Updated

In the White House Press Room on Tuesday, President Barack Obama did what comes naturally—scold others, in this case the Congress. Mr. Obama complained that a budget agreement "could have gotten done three months ago."
What he didn't say was that the budget should have "gotten done" six months ago, before the current fiscal year started last Oct. 1. Our government's failure to have a budget in place halfway through the fiscal year is the president's responsibility. He and his party dominated Congress by wide margins when the budget was supposed to be put in place.

Also on Tuesday, at the other end of Pennsylvania Avenue, House Budget Chairman Paul Ryan did what the president has not. Demonstrating leadership and more than a little courage, Mr.

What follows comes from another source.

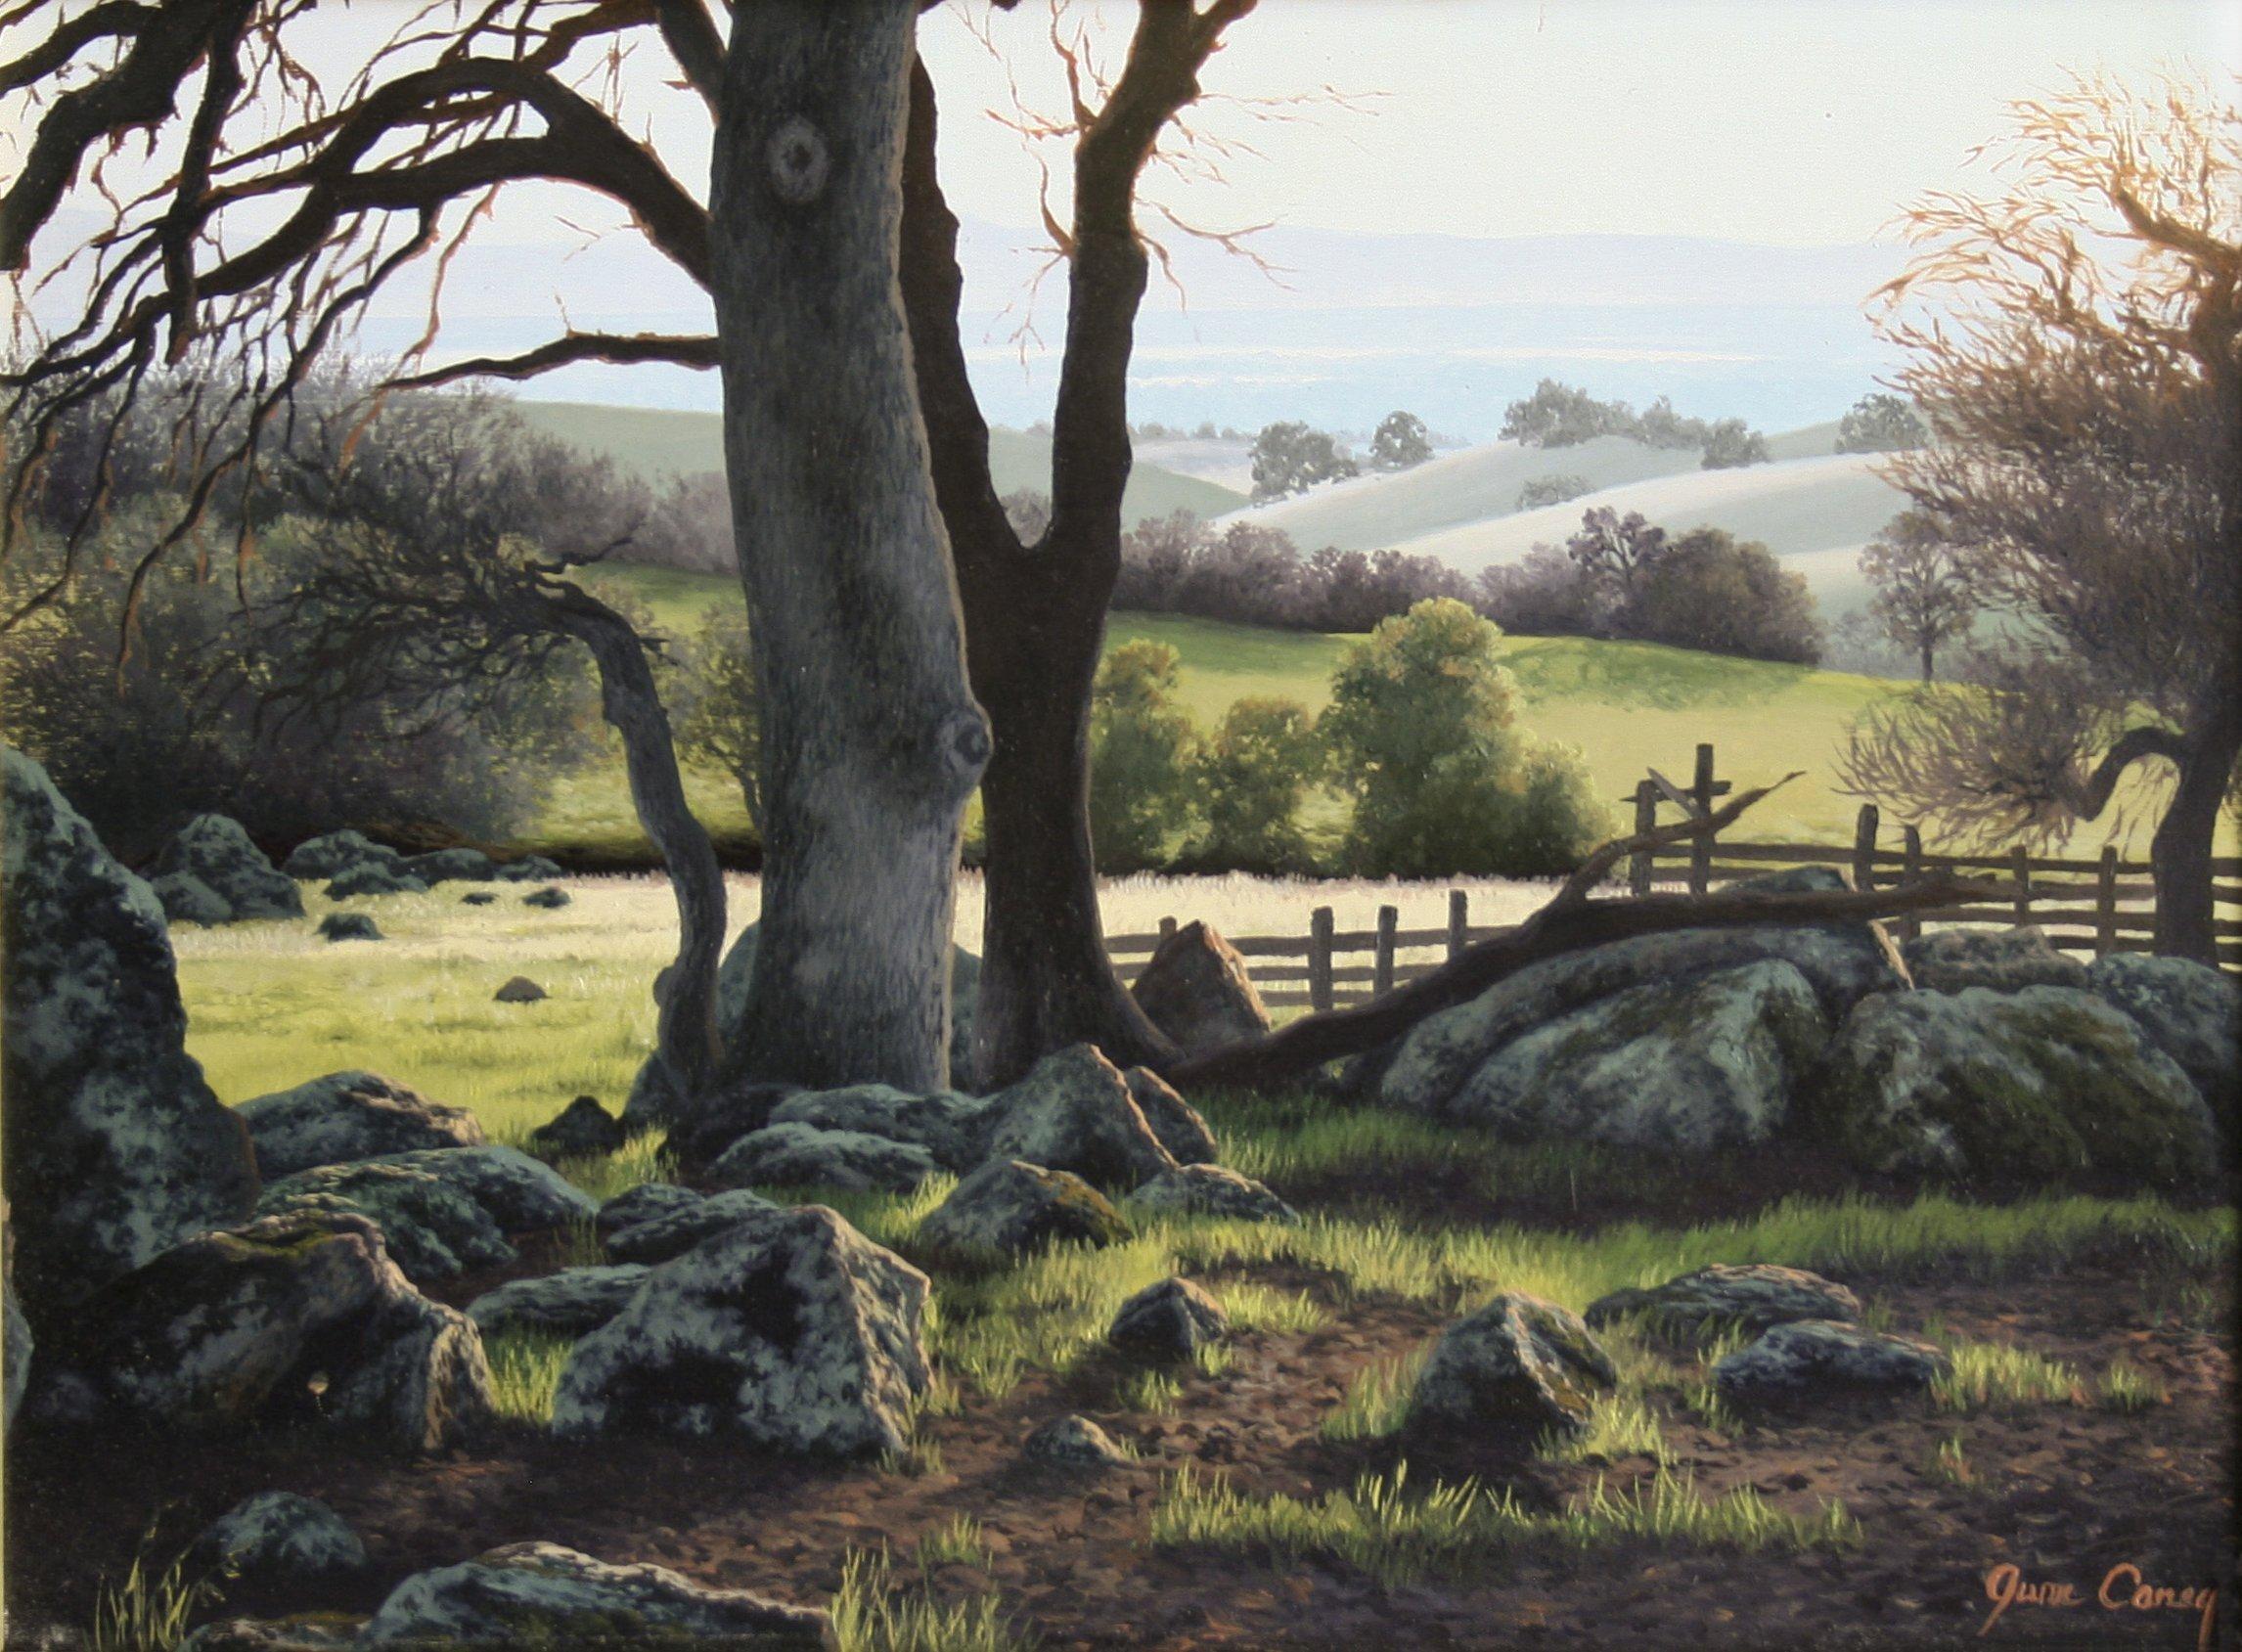 Carey, June – Untitled Landscape With Rocks

Ryan laid out a thoughtful, ambitious blueprint for the next decade.

The Path to Prosperity would return discretionary spending to its 2008 levels and hold it flat for five years; reduce the federal government's work force by 10%; slash corporate welfare; reform the tax code; and reduce the corporate and top personal rate to 25%. It would repeal ObamaCare, change Medicare so the government helps all seniors pay for an insurance policy they choose, and send states money for each person covered by Medicaid, plus the flexibility to spend that money as they see fit.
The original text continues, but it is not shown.